The retrieved organs were shared among three different hospitals. The lawyers were consulted and it was decided to send a polite reply to the husband explaining about the circumstances and how the organs were shared among different hospitals and the renewed lease of life it had given to five different people. The THO act copy was also enclosed to clarify that it was illegal to demand any compensation for organs.

The consent was perfectly legal under the circumstances as the son was the only legal next to kin available at that time. No reply was received and the case died a natural death.

Case 5: Hang or Harvest

18 years old female recently married was brought to casualty in an unconscious state on a Saturday morning during the last general elections weekend. She had been married for 18 months. She was hypotensive (70/50) and unresponsive. She was found by relatives hanging in the bedroom. Resuscitated and ventilated for 2 days. She was declared brain dead on day 3. Family members agreed for organ donation.

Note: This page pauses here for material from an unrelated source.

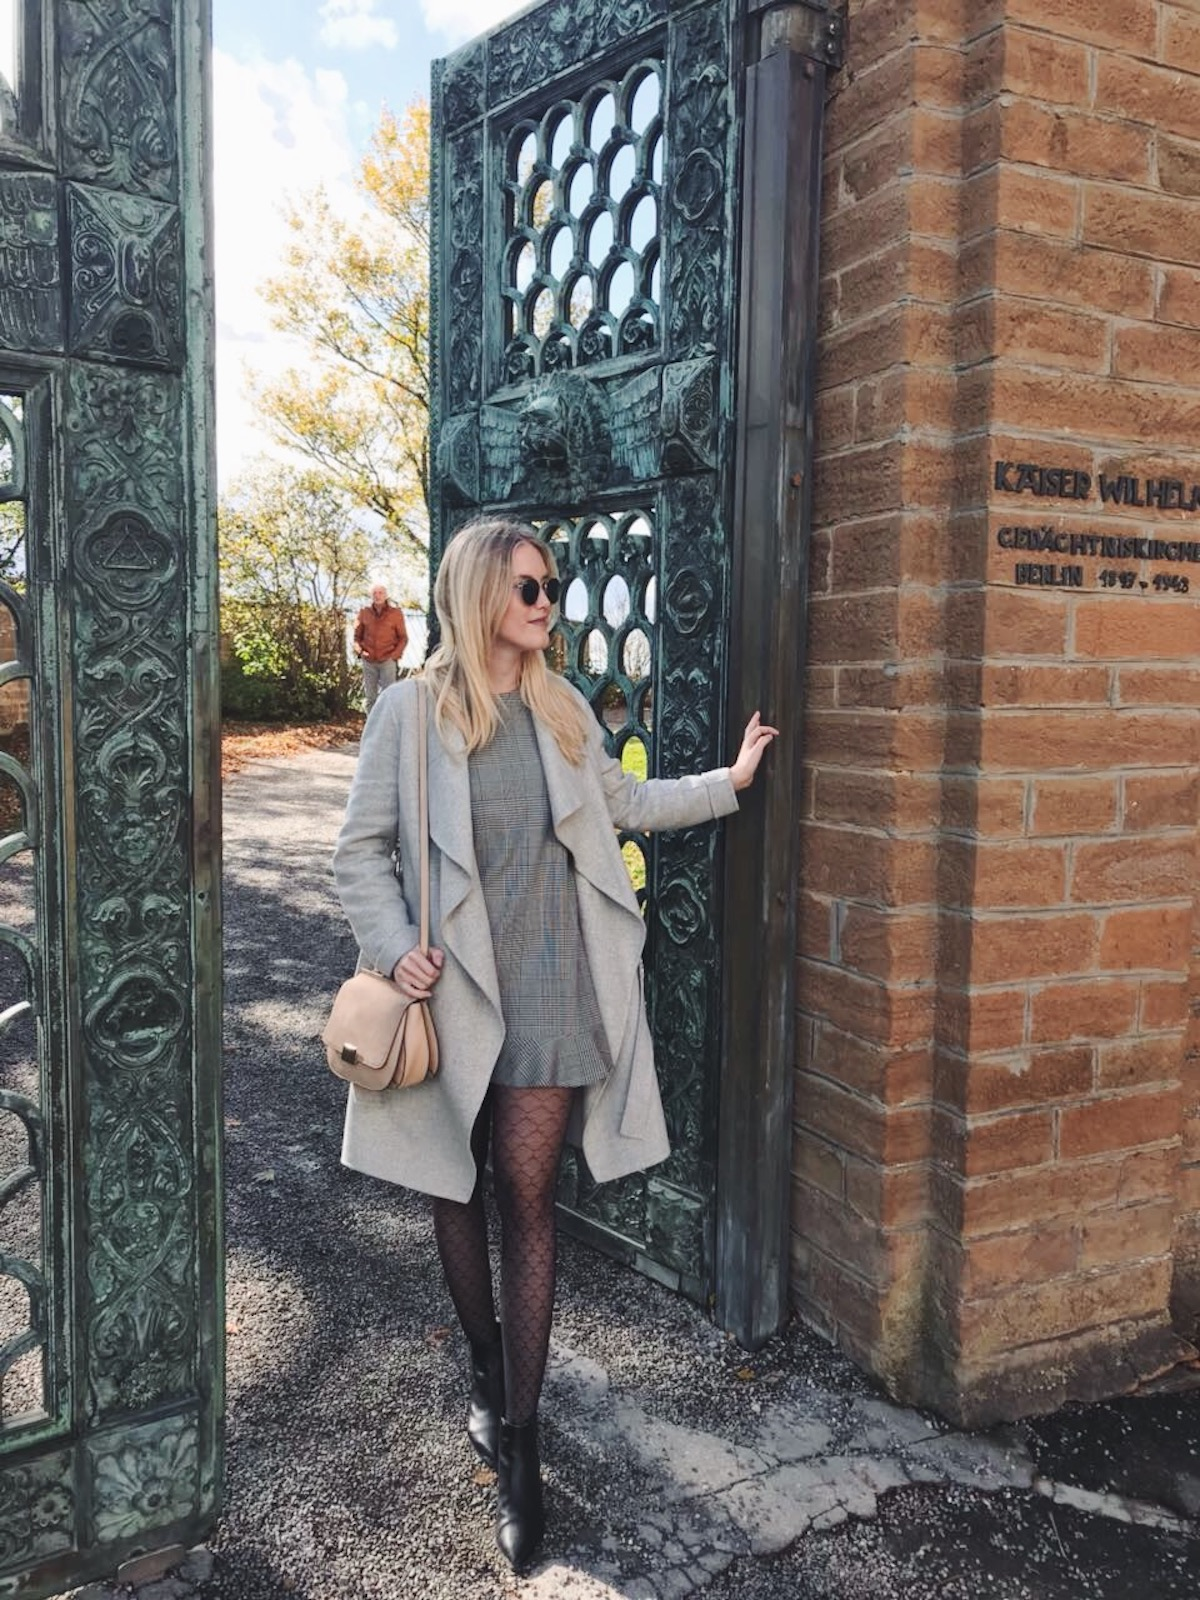 Fashion-Outfit-Stuttgart Blog-Burg Hohenzollern-Strumpfhosen-gemustert-Tights-Gambettes Box-18A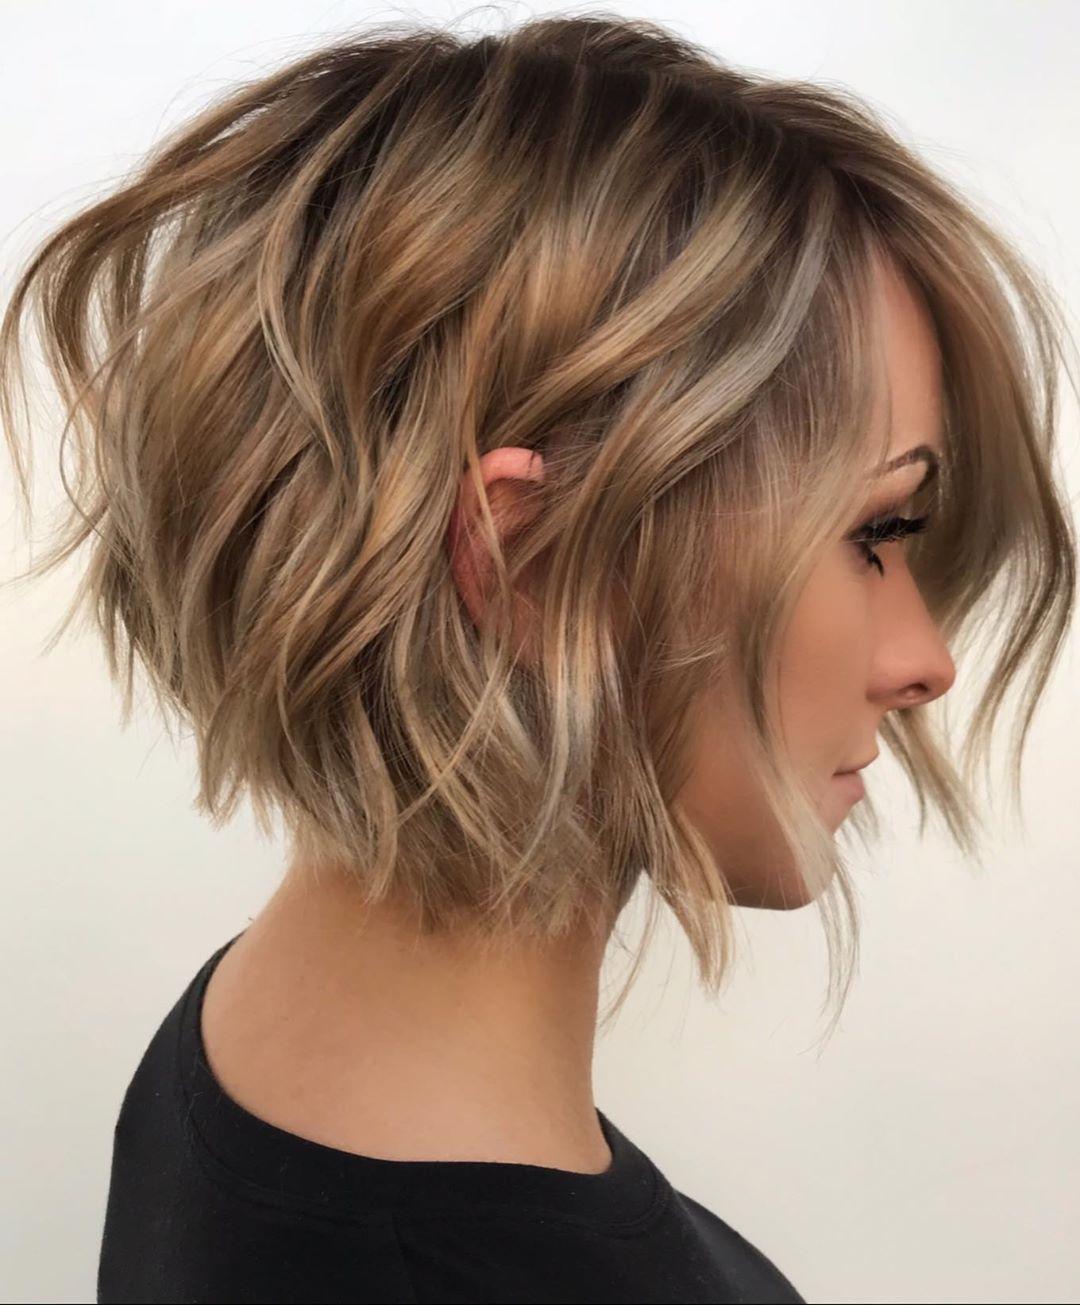 причёски для коротких волос фото 3

  1. Will you proceed with the request to harvest the organs?
  2. What are medico-legal implications if any?

What actually happened -

Under the Indian Penal Code - Any cause of death in a women that is unnatural and that which happens within seven years of marriage should be considered a homicide unless proved otherwise.

The request for organ donation was put on hold and the Police were contacted. The Forensic dept was consulted and they informed that if the Tahasildar or Magistrate of the area consented, organ donation could still proceed if the organs were not required for Forensic purposes.

Repeated attempts at contacting the authorities failed due to General Elections and efforts to obtain organs were abandoned.